--- Directions ---
Please repeat exactly the lines below from the line with "Eminente Rum packaging" to the line with "Fórmula Infantil Aptamil", including both, and leave out every picture.

--- Recorded data ---
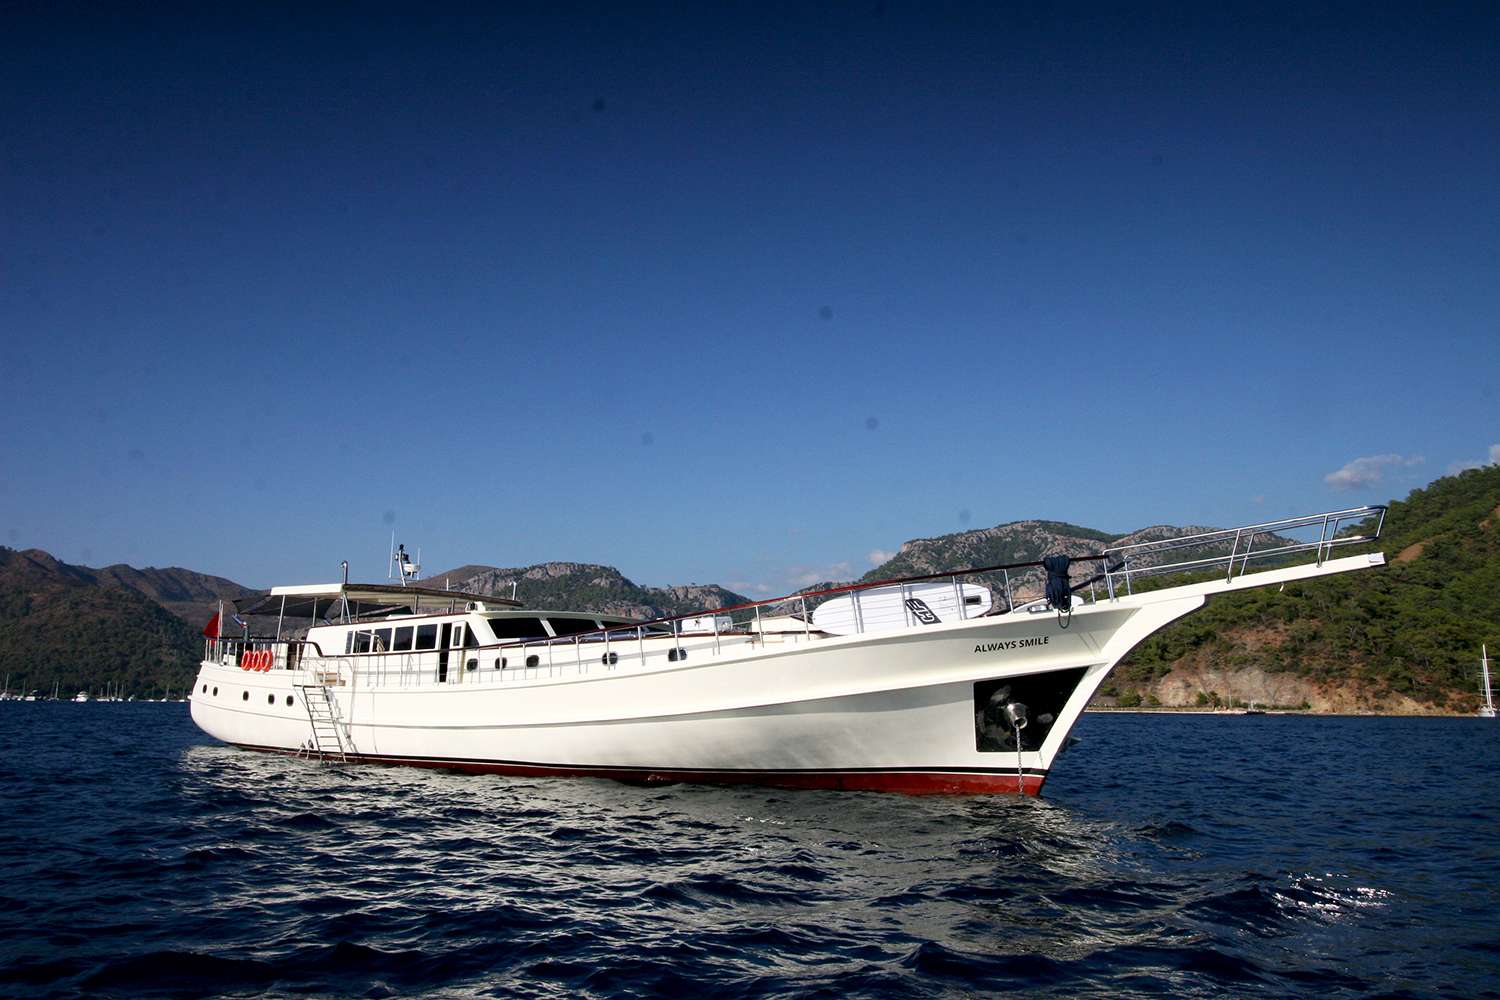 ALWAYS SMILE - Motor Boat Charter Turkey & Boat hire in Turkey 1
* * *
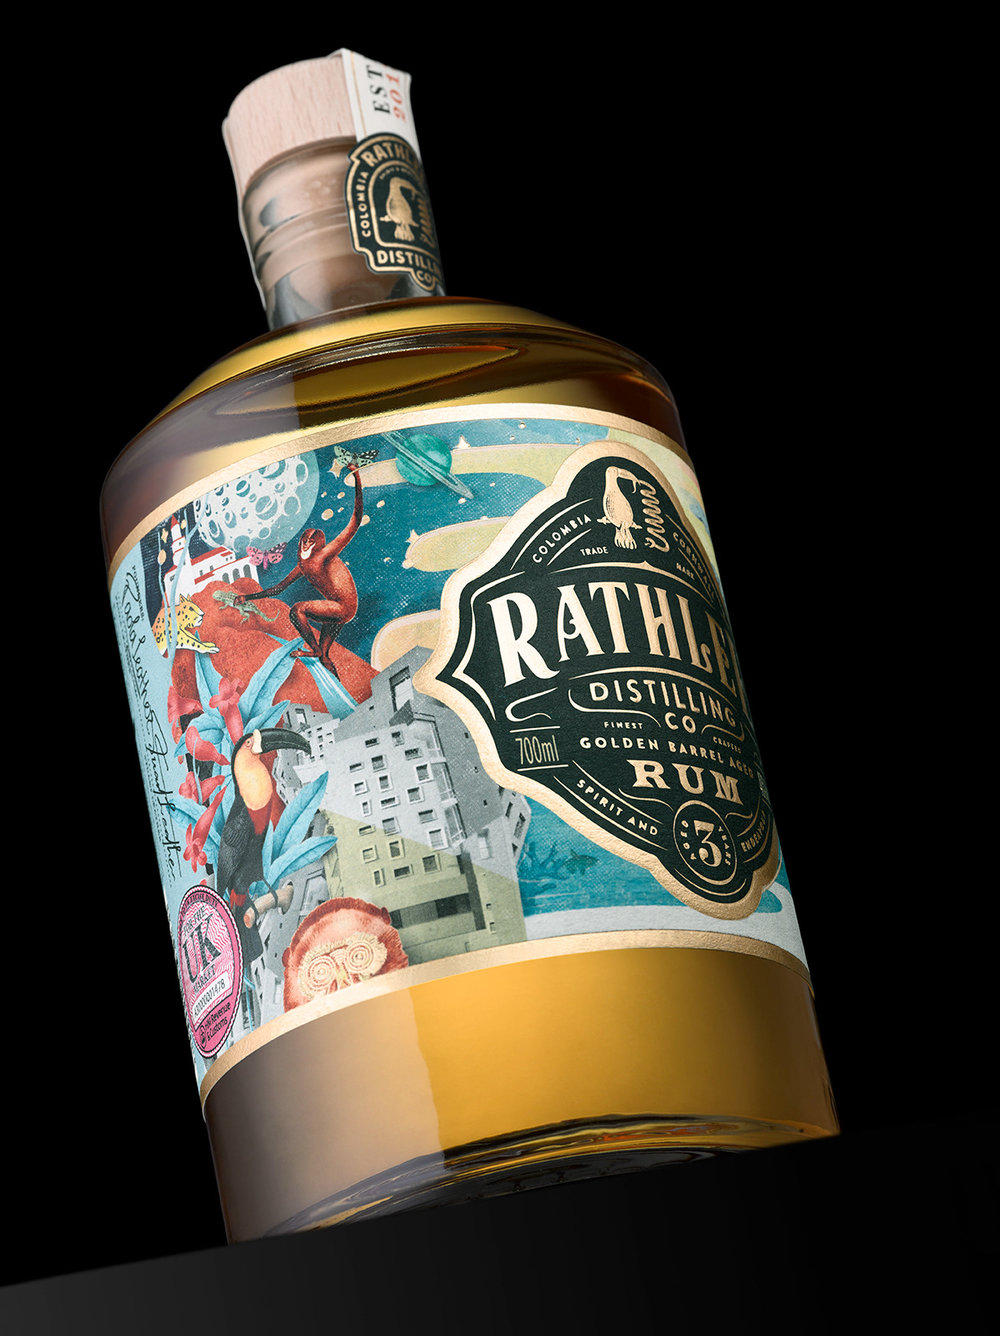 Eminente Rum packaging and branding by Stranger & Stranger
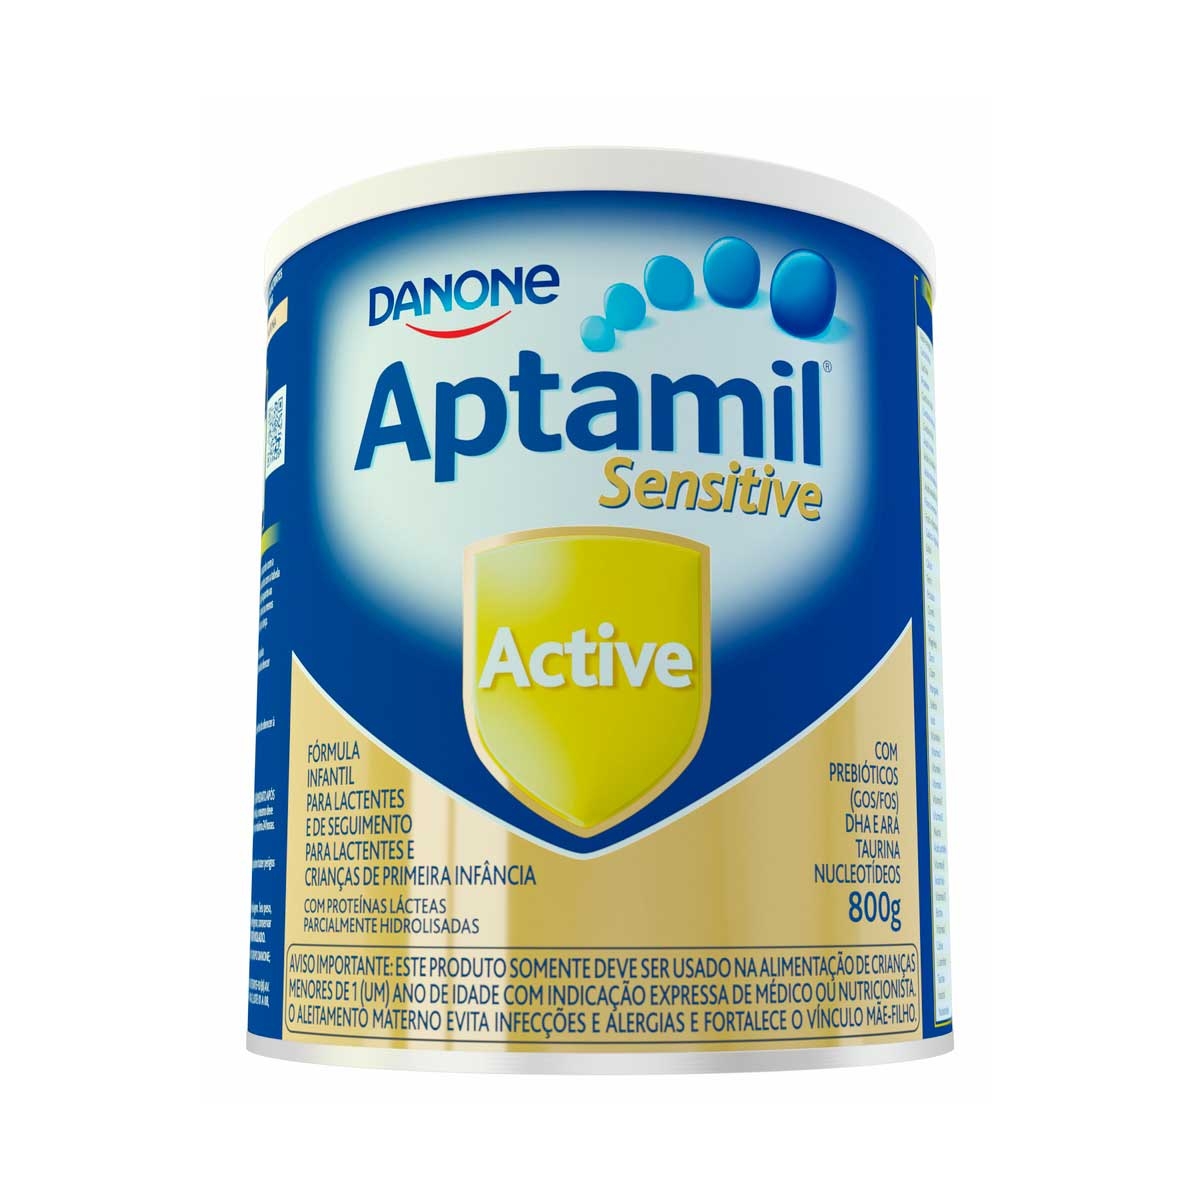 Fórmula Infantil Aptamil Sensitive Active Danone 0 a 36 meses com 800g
* * *
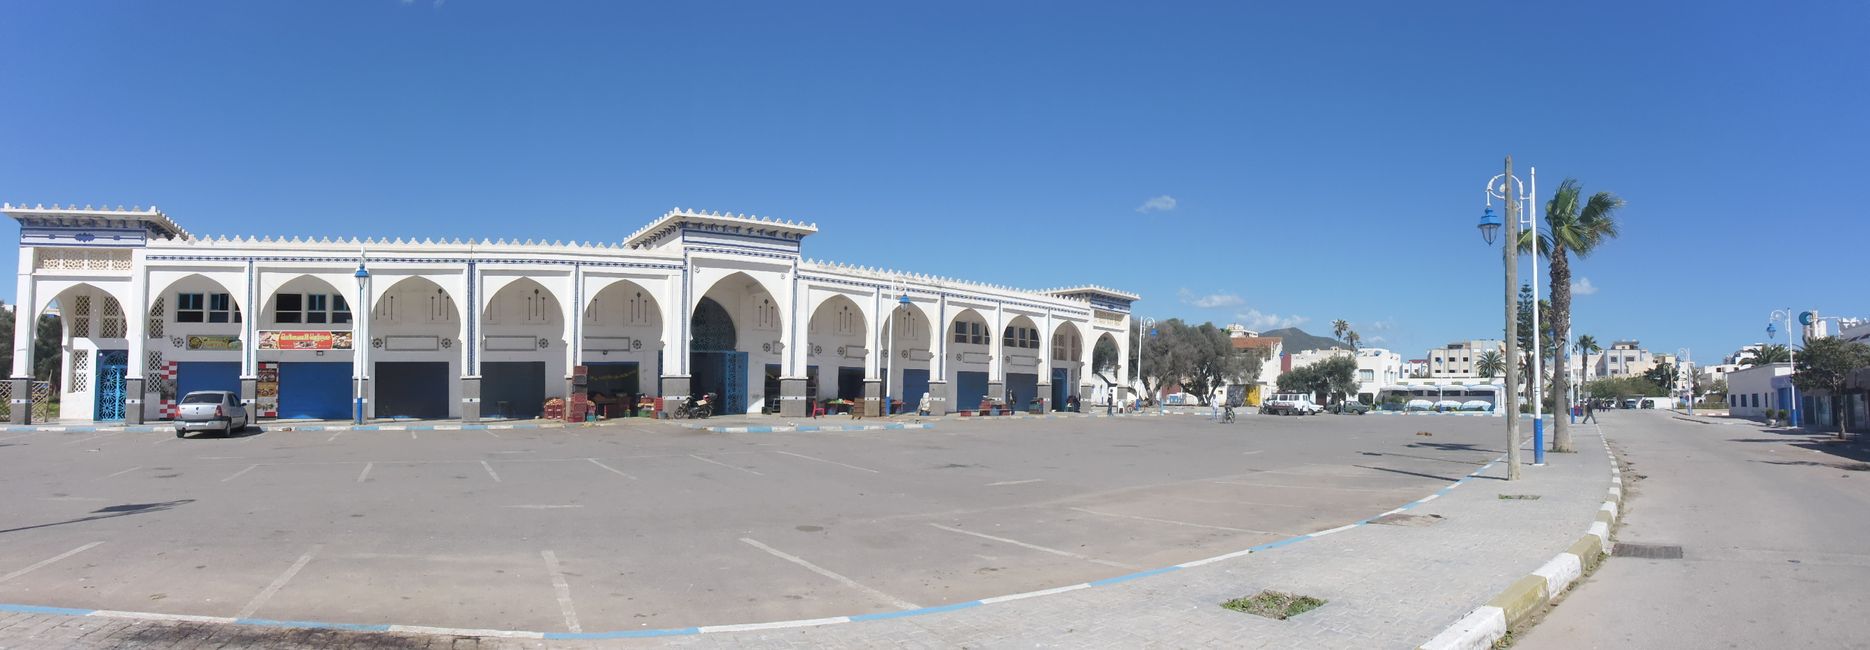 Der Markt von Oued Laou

--- Solution to the exercise ---
 Eminente Rum packaging and branding by Stranger & Stranger
 Fórmula Infantil Aptamil Sensitive Active Danone 0 a 36 meses com 800g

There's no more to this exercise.